One of the main advantages of a beneficiary loan is that it enables beneficiaries to access funds quickly and efficiently, without having to wait for the probate process to be complete. This can be especially beneficial for individuals who require immediate access to funds for various reasons, such as paying off debts or financing a new business venture.

Another advantage of a beneficiary loan is that it is assessed solely on the value of the estate, not personal circumstances or credit rating. This means that individuals with poor credit ratings or who are unable to provide collateral are still eligible for a beneficiary loan. There are also no charges over property, so the borrower’s property is not at risk.

 

What Are the Disadvantages of a Beneficiary Loan Compared to Other Types of Loans?

One of the main disadvantages of a beneficiary loan is the cost. The arrangement fee of 1.5% of the loan amount plus 1.5% per month can be higher than other types of loans. Additionally, the loan amount is limited to 60% of the estimated value of the estate, which may not be sufficient for some borrowers.

Another potential disadvantage is that the loan is secured against the inheritance, which means that the borrower may not be able to access the full amount of their inheritance when it is finally distributed. Finally, the borrower will need to be aware of the total amount of interest that will be charged at the outset of the loan, as there may be potential savings compared to other providers that charge compound interest.

 

Are There Any Alternatives to a Beneficiary Loan?

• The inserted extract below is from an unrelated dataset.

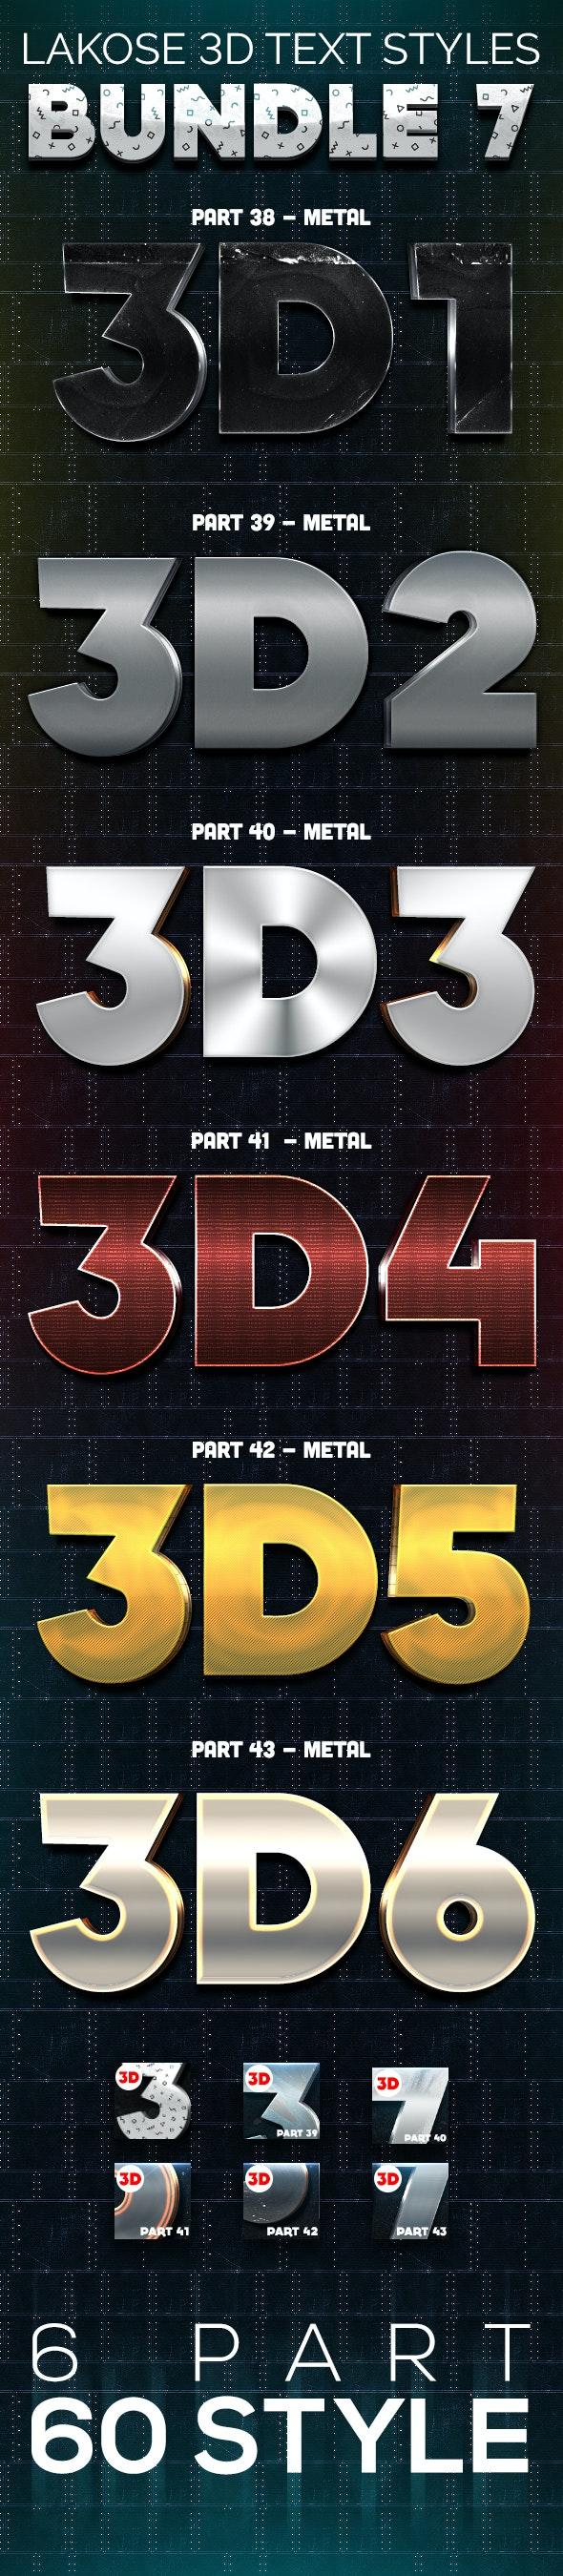 Lakose 3D Text Styles Bundle 7 - Text Effects Styles

Yes, there are alternatives to a beneficiary loan. One alternative is to obtain a personal loan from a bank or other financial institution. However, personal loans may be more difficult to obtain if the borrower has a poor credit rating or is unable to provide collateral.

Another alternative is to obtain a credit card or line of credit, but these options may also be more difficult to obtain if the borrower has a poor credit rating. Ultimately, the best option will depend on the borrower’s individual circumstances and financial needs. It is important to research and compare different options before making a decision.

 

Who Is Eligible for a Beneficiary Loan?

Beneficiaries can access funds regardless of whether the deceased left a will or not. Applications for beneficiary loans are assessed solely on the value of the estate, not personal circumstances or credit rating.

This means that individuals who have a poor credit rating or who are not able to provide collateral are still eligible for a beneficiary loan. There are no charges over property, so the borrower’s property is not at risk.

The terms and conditions may differ based on the specific circumstances of the estate, however, so it is beneficial to read them over.